Even with all the work that goes into configuring these DHCP servers, we will occasionally still see a duplicate IP address. Often, this is from a device that has been manually configured. And it’s using an IP address that exists in an existing DHCP pool. Or perhaps you’ve configured multiple DHCP servers, but you’ve accidentally overlapped those pools between the servers. And each one of those is giving out duplicate addresses.
And sometimes a device is added to the network with DHCP turned on by default, and it starts handing out IP addresses that are different than the IP addresses that you would expect on your network. With older operating systems, we would have the two devices fight over which one has priority on the network, usually based on the MAC address table of a switch. But in most modern operating systems, this duplicate IP address is discovered when a device first connects to the network. And it prevents any type of duplication. You’ll see an error message on the screen. And from there, you can decide what to do next to troubleshoot this duplicate problem.

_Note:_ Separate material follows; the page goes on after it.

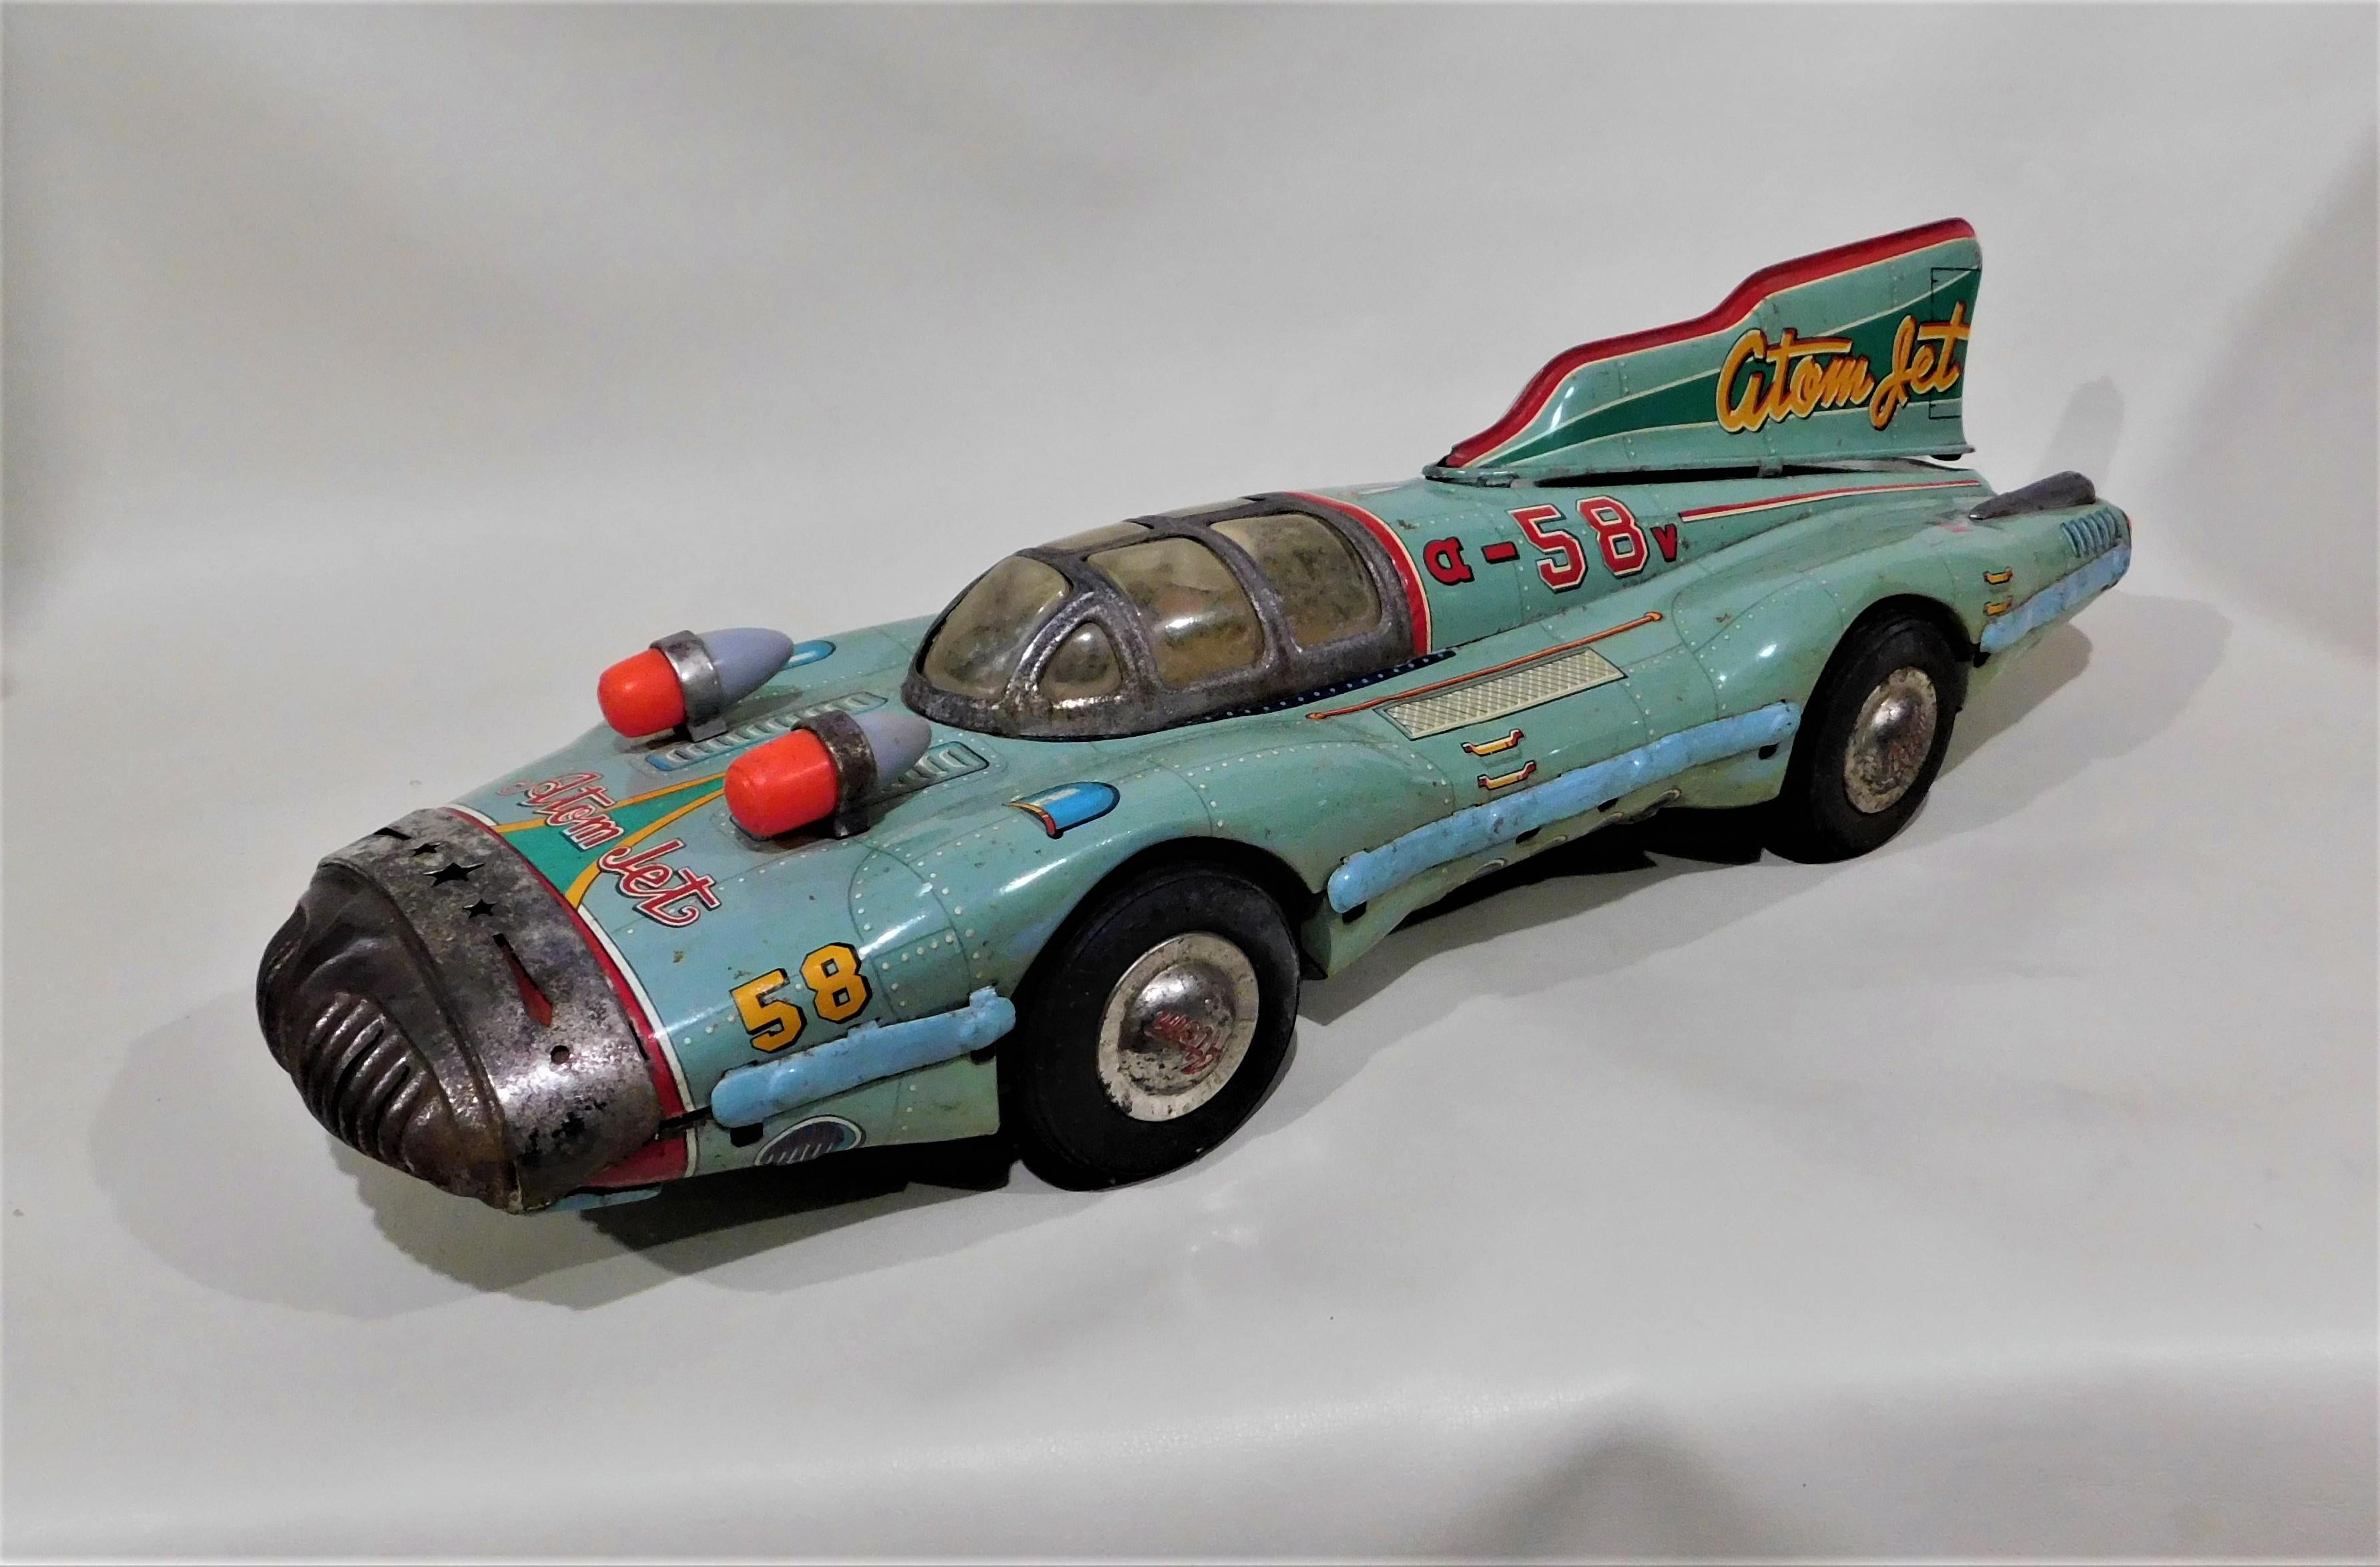 Mid-20th Century Rare 1950s Atom Jet #58 Tin Litho Friction Race Car Space Toy Yonezawa Japan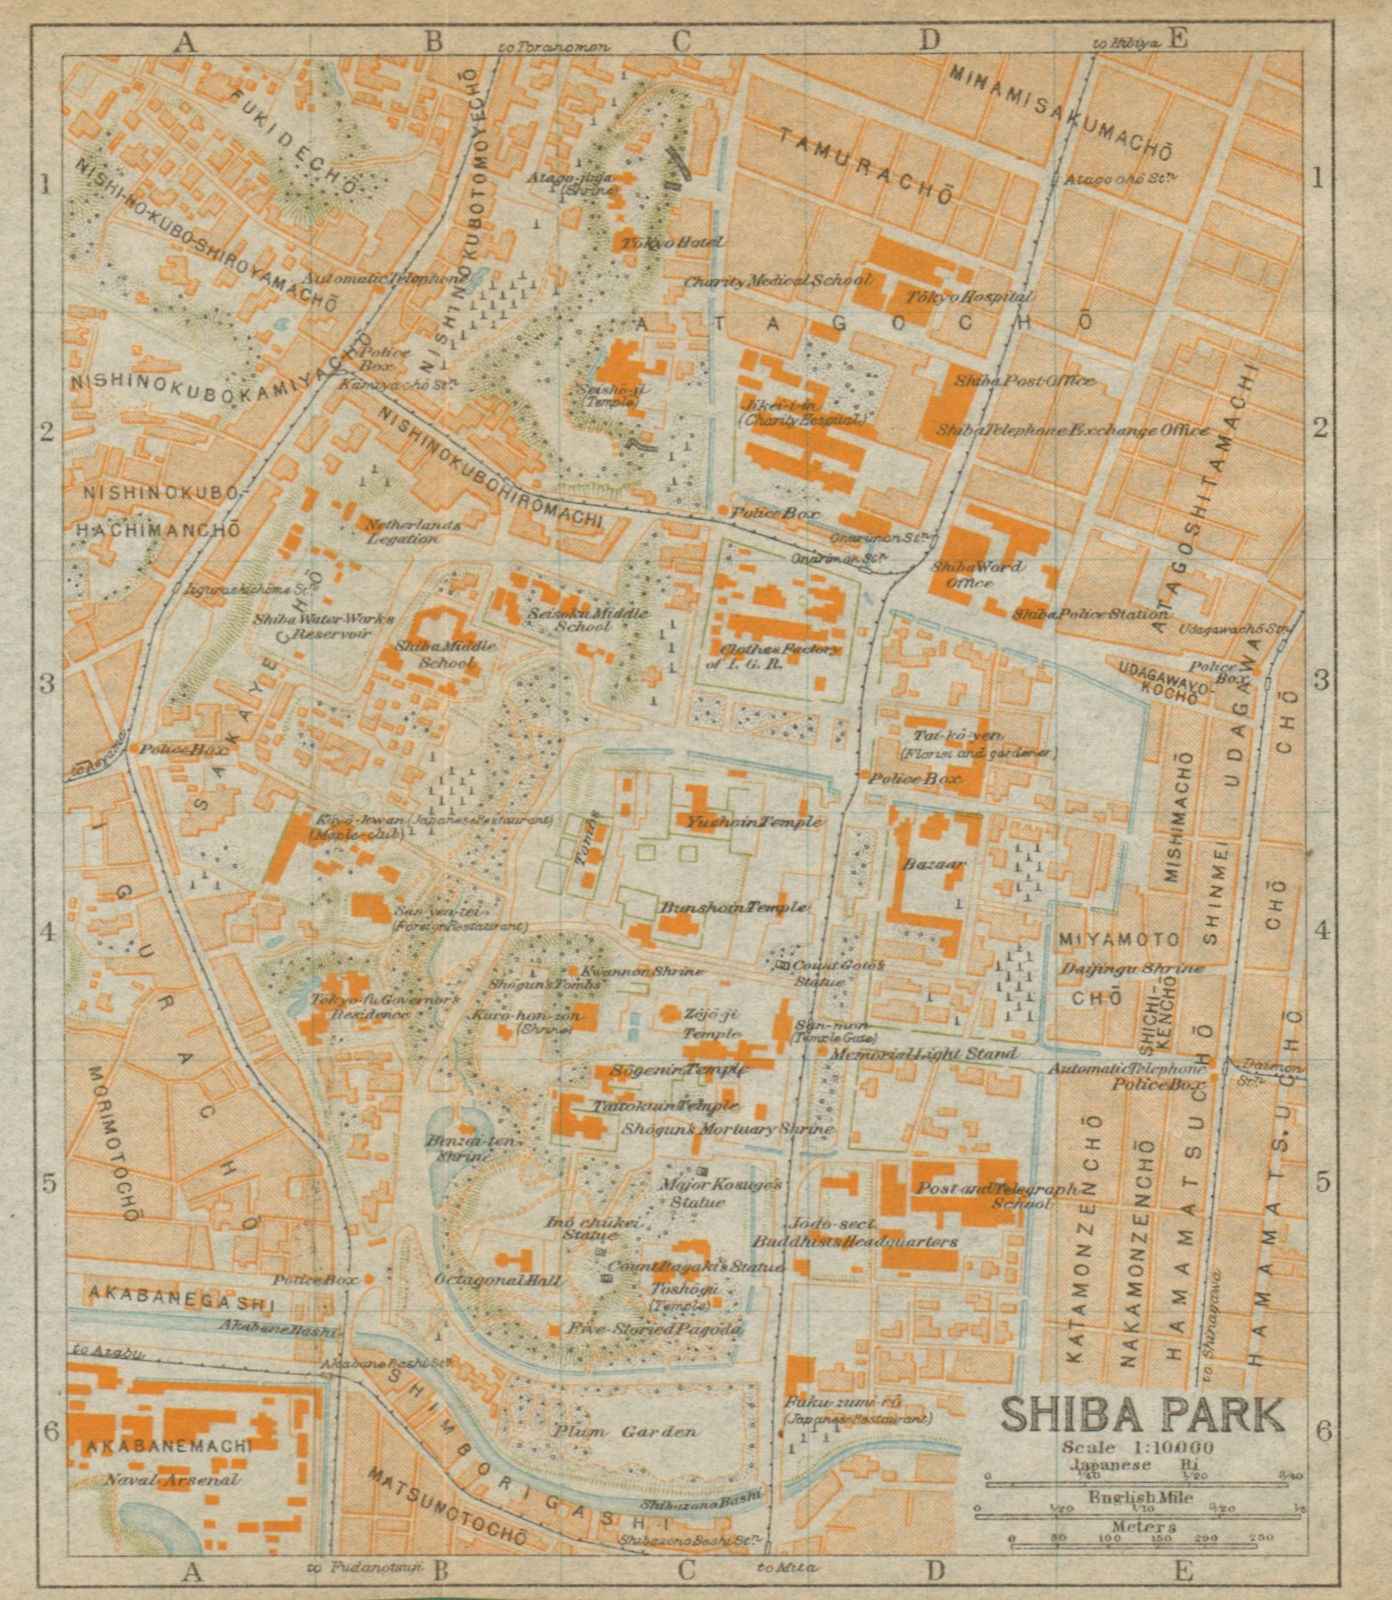 Associate Product Shiba Park antique town city plan. Minato, Tokyo. Japan 1914 old map

If this is a manually configured device, you’ll want to look at the configuration you’ve been given. Check the IP address, the subnet mask, and the default gateway. If you have a different workstation that you can test with, you might want to try pinging that IP address before statically configuring it inside of a device. If you receive a response and you haven’t configured the device yet, then adding that system to the network would certainly cause a conflict.
If you do receive a response to a ping and you weren’t expecting that IP address to be on the network, then you’ll have to hunt down where that workstation happens to be. An easy way to do this is to ping the IP address and then check the ARP table. If this device is on your local broadcast domain, then you now have the MAC address of that device. And you should be able to go to the MAC address table of your switch to see which interface this device is plugged into. And if this problem is associated with two DHCP servers handing out the same address, you might want to perform a packet capture to see exactly what these DHCP servers are offering.